No Contact With Stepkids Unless BM Controls It

>> Monday, February 16, 2009

Phone calls rarely get answered and take forever to get a return call back, if they even return the call! They don't respond to letters or to the questions asking them if they received them.

My stepkids aren't allowed to accept our friend requests for our private Myspace pages. Every single one of them is refused. When we ask them why, they lie (badly). There were times when their mother would use my stepdaughter's email address and respond "why" pretending to be my stepdaughter. I know my stepdaughter - she uses IM speak all the time. There isn't one sentence that doesn't include some IM language. You could tell this email was written from an adult and it was written at a time when my stepdaughter was in school. How pathetic is that!?! They can't go onto our private Facebook page either.

So, we set up a private forum that you have to log-in to and get approved for before you can enter. We figured it'd be a safe place online to chat with them about stuff since their Myspace pages were off limits to us. Nobody else online would have access so there were no worries about cyber-weirdos. They aren't allowed into there either.

The web site we made for them is still being ignored. They won't even click on the link! I will continue to update it over the next four years until they are both 18. We left them an entry in their guestbook and added a Valentine greetings page too just this past week. We will update it for every holiday and whenever else we want to update it. Maybe when they are out from under their mother, they'll finally see it.

I think I know why the ex is refusing to allow them to participate with us on anything. I believe it is because the ex would not have open access to it (without logging in as her kids to snoop) and if she can't "control" what the stepkids say to us, or how much we talk to them, she won't allow it. She wouldn't be on our myspace or facebook pages so she would have no control over pictures we show the kids, messages we have from them or send to them, etc. It's all about control to her.

4 comments:

Smirking Cat February 16, 2009 at 1:57 PM  

I can't stand the juvenile interference with the kids' contact with the other parent. And OMG, I thought I knew the only person rude enough to send an email posing as one of the kids! It would be funny if it wasn't so disgusting.

Syn February 16, 2009 at 2:14 PM  

No, we have one of them ex's here too. It's so pathetic. She lied out her butt in the email too...the myspace is private, only for friends, blah, blah, blah. All this from the bm, pretending to be my sd. All the while the bm was on sd's myspace friend list with a fake picture, name, state, and age (like we were stupid and wouldn't figure it out that "Amy" was really somebody else). The ex used her regular email address for her myspace log-in so she was easily searchable. Her IQ is just astounding, lol.

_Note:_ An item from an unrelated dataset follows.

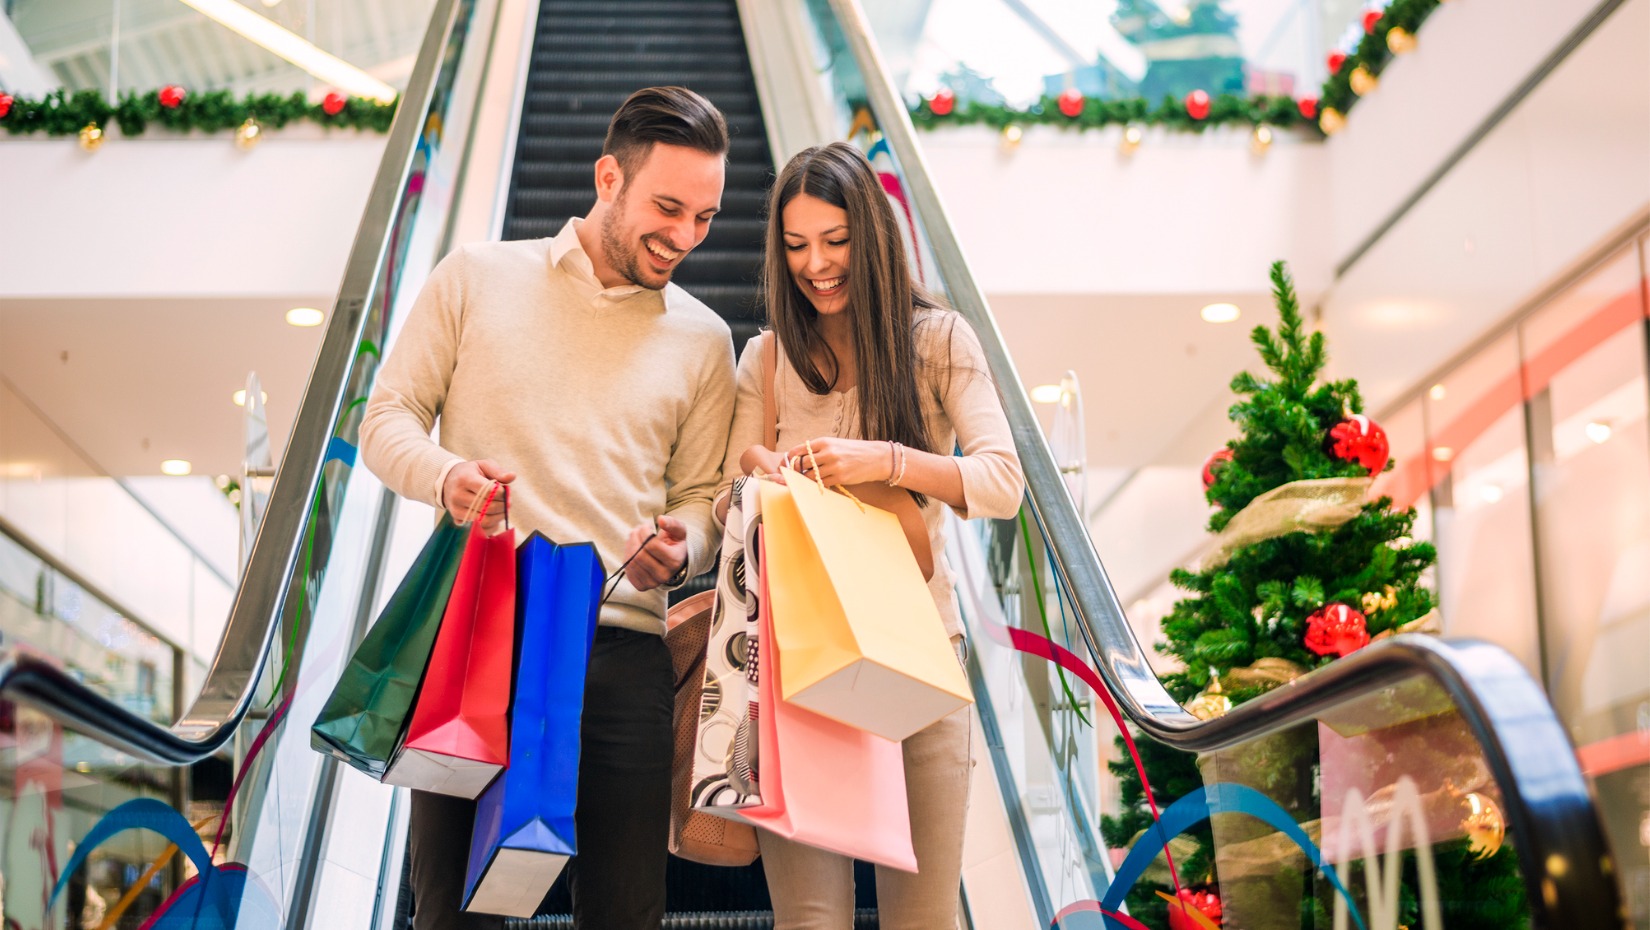 loving-couple-doing-christmas-shopping-together-picture-id500110954

perdido February 18, 2009 at 8:53 AM  

I think that is an awesome idea. Truthfully, you have no idea what she is telling them. My stepdad had twins with his exwife and she hardly ever let him see them (I was 11 when he and my mom got together). Now, I can honestly say I understand why because my stepdad was an alcoholic, but as the person who was there when he did get to see his kids, he never drank when they were around and was always very good with them, so I felt like he should have gotten to see them. By the time they were old enough to do what they wanted, they were so detached from him (she also had them calling her husband daddy from the time they were 4) that he saw them maybe once a year if that. He died a few years ago and they never really had a relationship, even though he desperately wanted one. He sent them presents every year on their birthday and Xmas until he died. Maybe if they had been able to see a log of his thoughts when they reached their 20's (they were around 24 when he died) the outcome might have been different.

Syn February 18, 2009 at 12:32 PM  

That's what I am worried about...that they will be so detached to us by the time they are out from underneath their mother that it isn't going to matter. I picked up another card for all our kids and us to sign and mail to them in a week or so. They still aren't answering if they received the last card, letter, or pictures:( They didn't open their v-Day e-card either. I don't know if they deleted it or their mother did before they could see the link.

We are going to continue to update their web site with lots of love and greetings. Maybe one day they will acknowledge it. I at least hope, on some level, they know that what their mother has done is wrong and they'll stop being so distant with us.